I've never been good at goodbyes. When I was little I would cry leaving my Grandparents house or if I didn't get to wave goodbye to my Dad when he left for work. I got better. But I would always, always cry when I knew it was a long term "goodbye" be it weeks, months, who knew how long or possibly forever. The end of a holiday or something I'd look forward too would make me said and I'd cry. I'd always cry when it came to going to uni for the next term and usually when it came to leaving my friends and carers at the end of term too.
Even if I was/am really pleased for the person I was saying goodbye too or looking forward to being left to stay with my Gran and Grandad or the next term at uni or whatever I'd be there crying saying "i'm really pleased for you" through my tears.
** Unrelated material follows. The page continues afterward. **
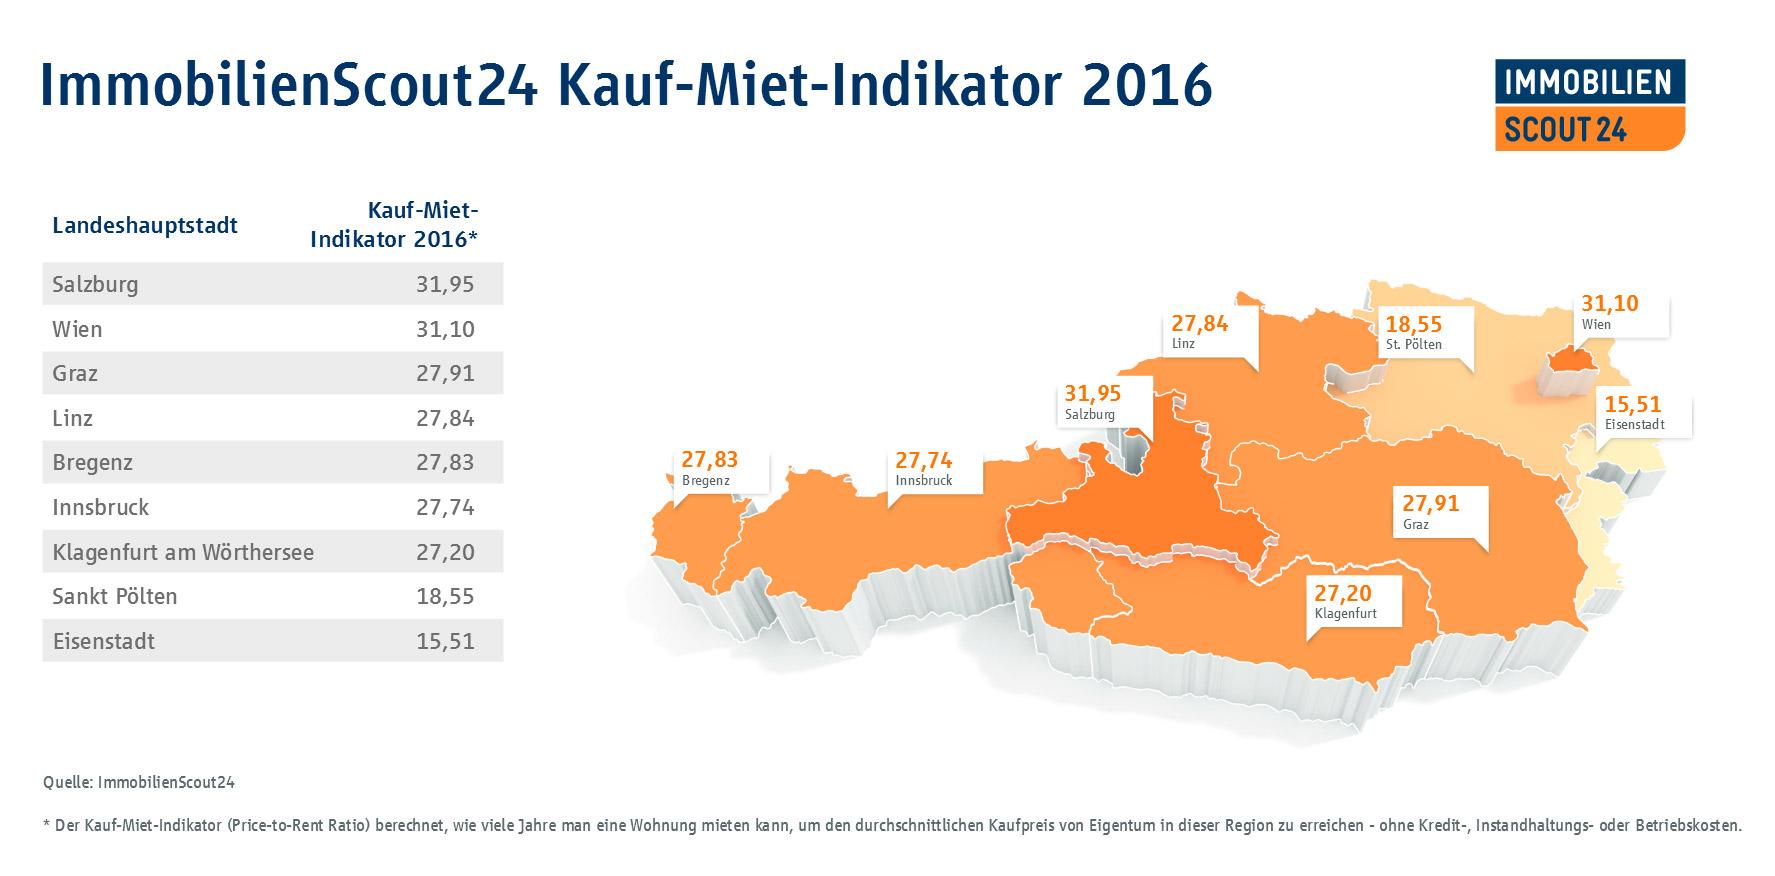 Price-To-Rent Ratio Österreichkarte

I remember when a really good friend of mine from uni left I was shocked that I got though the goodbye without crying - and so was my mum when I told her on the phone the next day. We've kept in touch and I knew we would. But it was a long time until I saw her again and I knew that as we said goodbye that day. But somehow I didn't cry.
I still find goodbyes hard though and cry at the tougher ones.
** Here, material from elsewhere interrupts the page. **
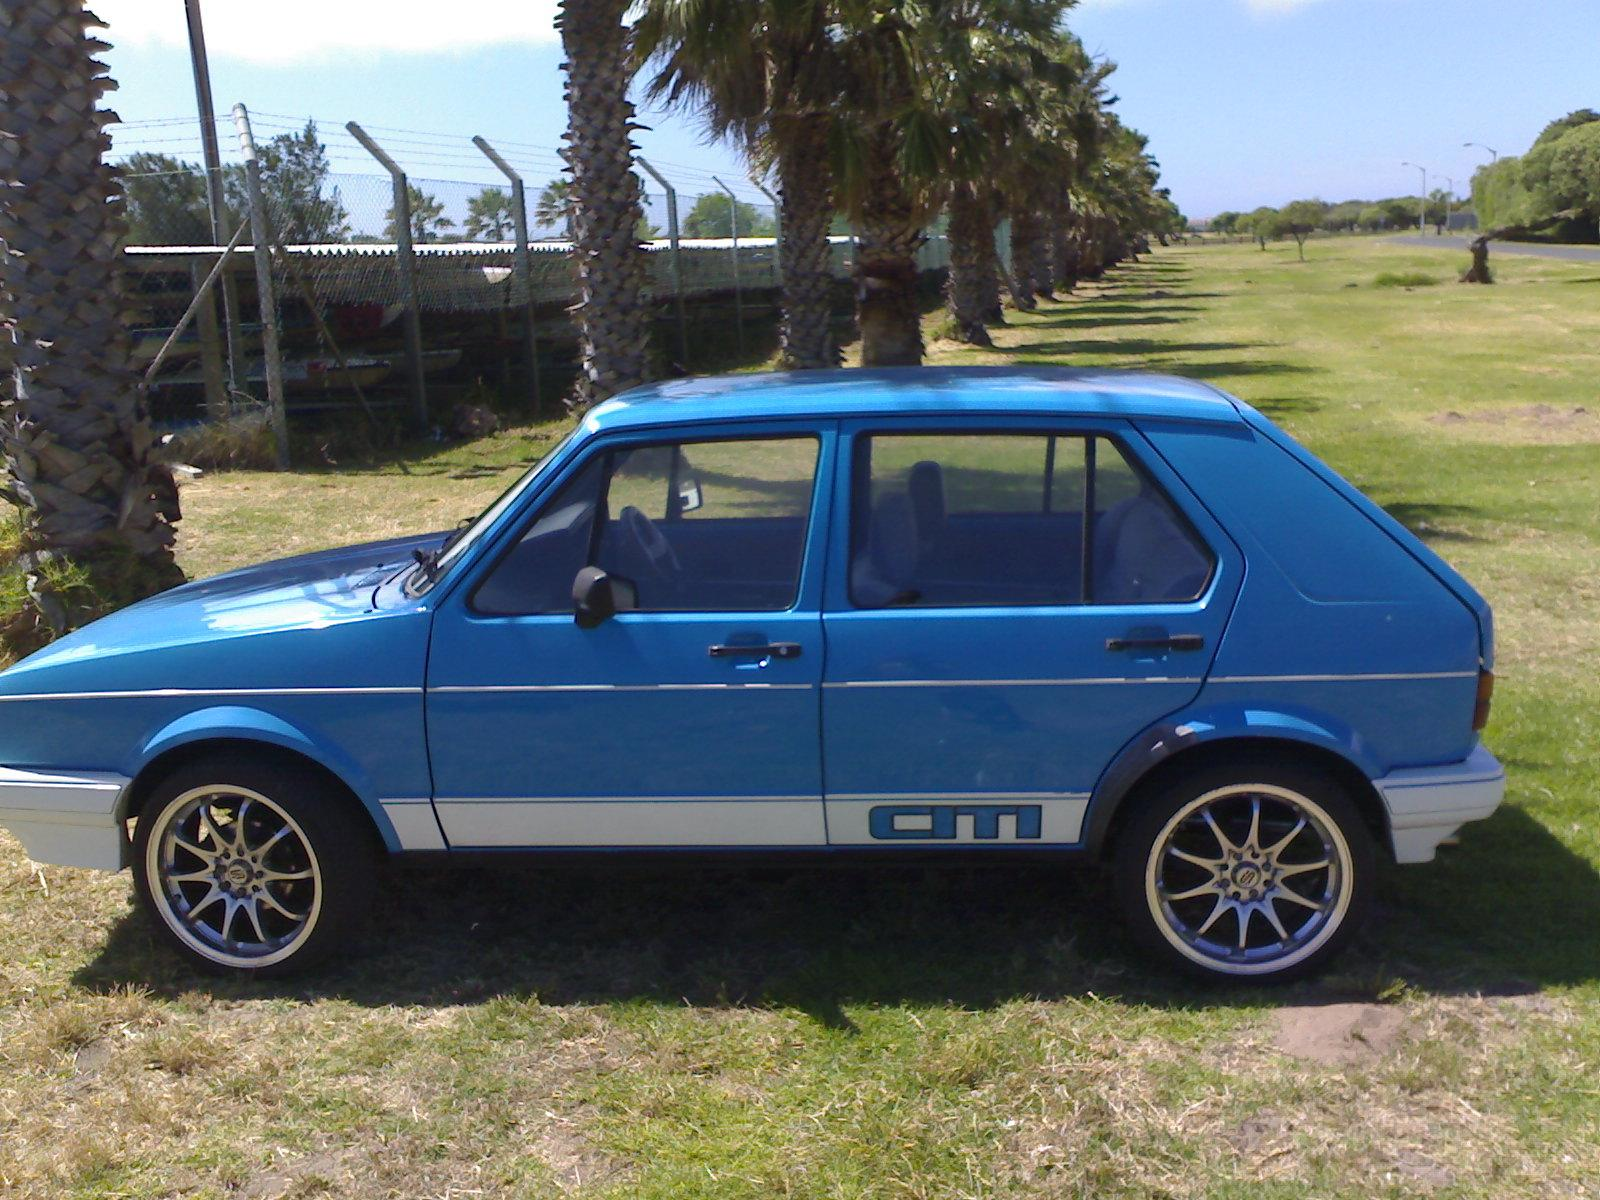 Vw citi golf 1. 3 manual/ red cars & bakkies 1057552399 | olx.

We had a presentation this afternoon to mark the leaving of a volunteer whose been involved in the swimming group for an astounding number of years. I knew he'd been there a long time but had no idea it was that long. He's been a great guy and he's involved in some other stuff I'm involved in (although I didn't know him before I joined the swimming group four years ago). He's done a lot for me and I will really miss him. So it was pretty emotional but I was hoping to make it through.
But then I looked at him and he was looking a little emotional. And turned away to stop him setting me off. It didn't work. I turned and saw the person sat opposite me had eyes full of tears and was dabbing at her eyes wiping them away.
It became a very tearful goodbye for me after all. I was chatting to another friend whilst I was crying about how we will miss him etc and she hugged me and I calmed down. But then I went up to him as I was leaving I gave him a hug, thanked him for his help and told him how I appreciate it. I told him I will miss him. But all through I had tears streaming down my face.
And I'm still tearful now.
But, emotional though it is and all that jazz, I'm glad we had the chance to honour our friend and show him how much we appreciate and love him. Even if it took his leaving our group for us to do so.